3. **Change Streams require a MongoDB replica set.** Atlas deployments always have a replica set. Standalone `mongod` instances must be converted to a single-node replica set by adding `--replSet rs0` and running `rs.initiate()`.

4. **Use `fullDocument: "updateLookup"` in Change Stream options.** Without this, update events only contain the changed fields (`updateDescription`), not the full document needed for `recordPayload`.

5. **Sanitize BSON types before sending to Certyo.** Convert `ObjectId` to string, `Date` to ISO 8601, and `Decimal128` to string. The Certyo API expects standard JSON types.

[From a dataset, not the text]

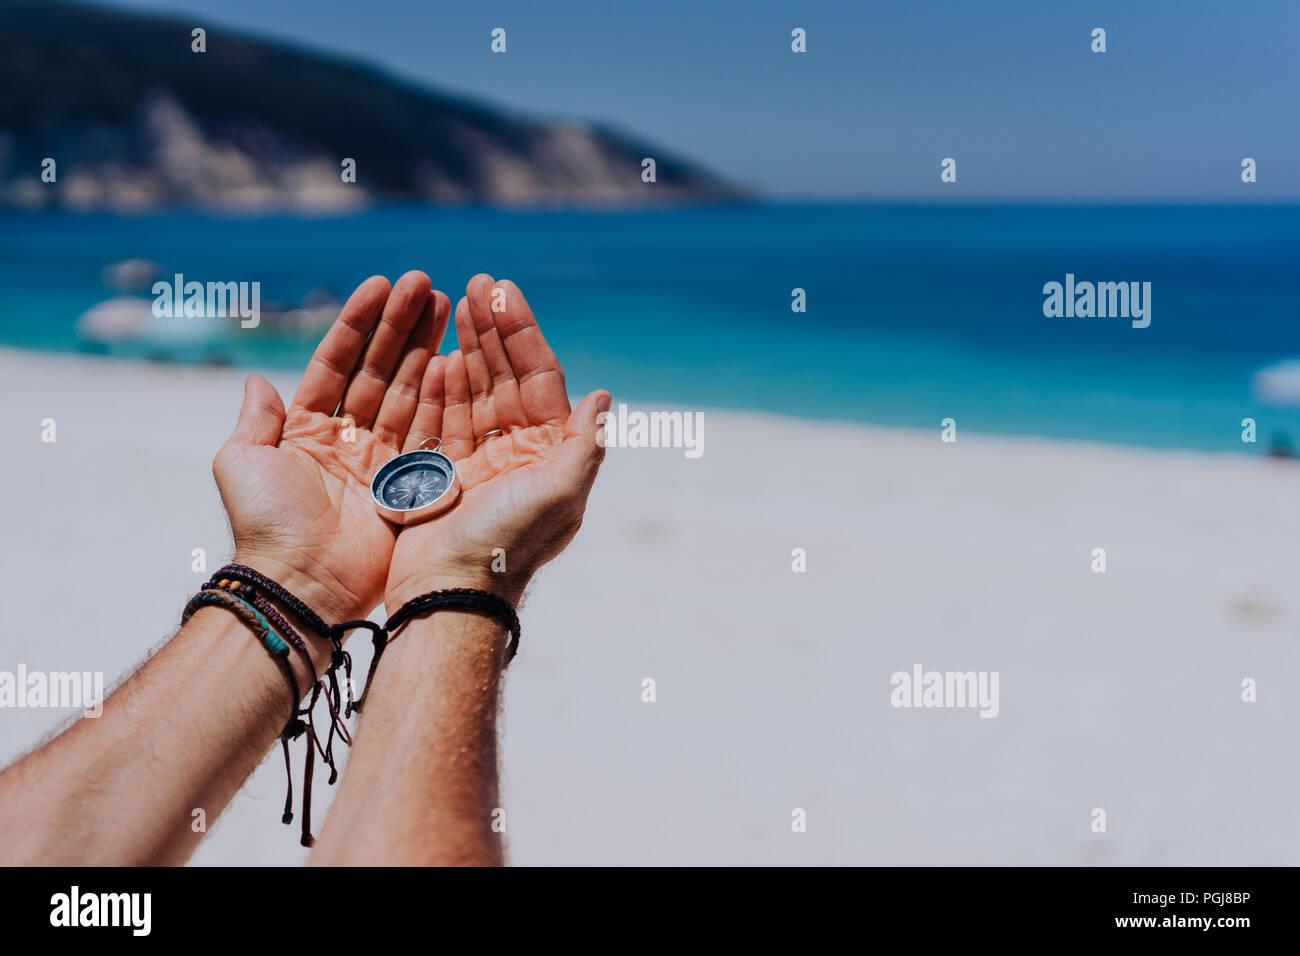 Las palmas de las manos abiertas sosteniendo la brújula de metal contra la arena y el mar azul. Buscando su camino concepto. Punto de vista POV Imagen De Stock

6. **Implement exponential backoff on Certyo HTTP 429 (Too Many Requests) responses.** Start with a 1-second delay, doubling on each retry up to 3 retries. Never retry immediately on 429.

7. **Map `replace` operations to `update` in the Certyo `operationType`.** MongoDB Change Streams distinguish between `update` (partial) and `replace` (full document replacement), but Certyo treats both as updates.

8. **For delete events, send `{ _id: docId, _deleted: true }` as the `recordPayload`.** The full document is not available for deletes. Include the document key so the deletion is recorded with a meaningful payload.

9. **Construct idempotency keys from `_id` + resume token data.** This guarantees uniqueness per change event. If the watcher restarts and replays events, Certyo will deduplicate via the idempotency key.

10. **Exclude `certyo_*` fields from the `recordPayload`.** Fields like `certyo_status`, `certyo_record_hash`, and `certyo_verified_at` are metadata. Including them causes hash mismatches when these fields are updated by the verification worker.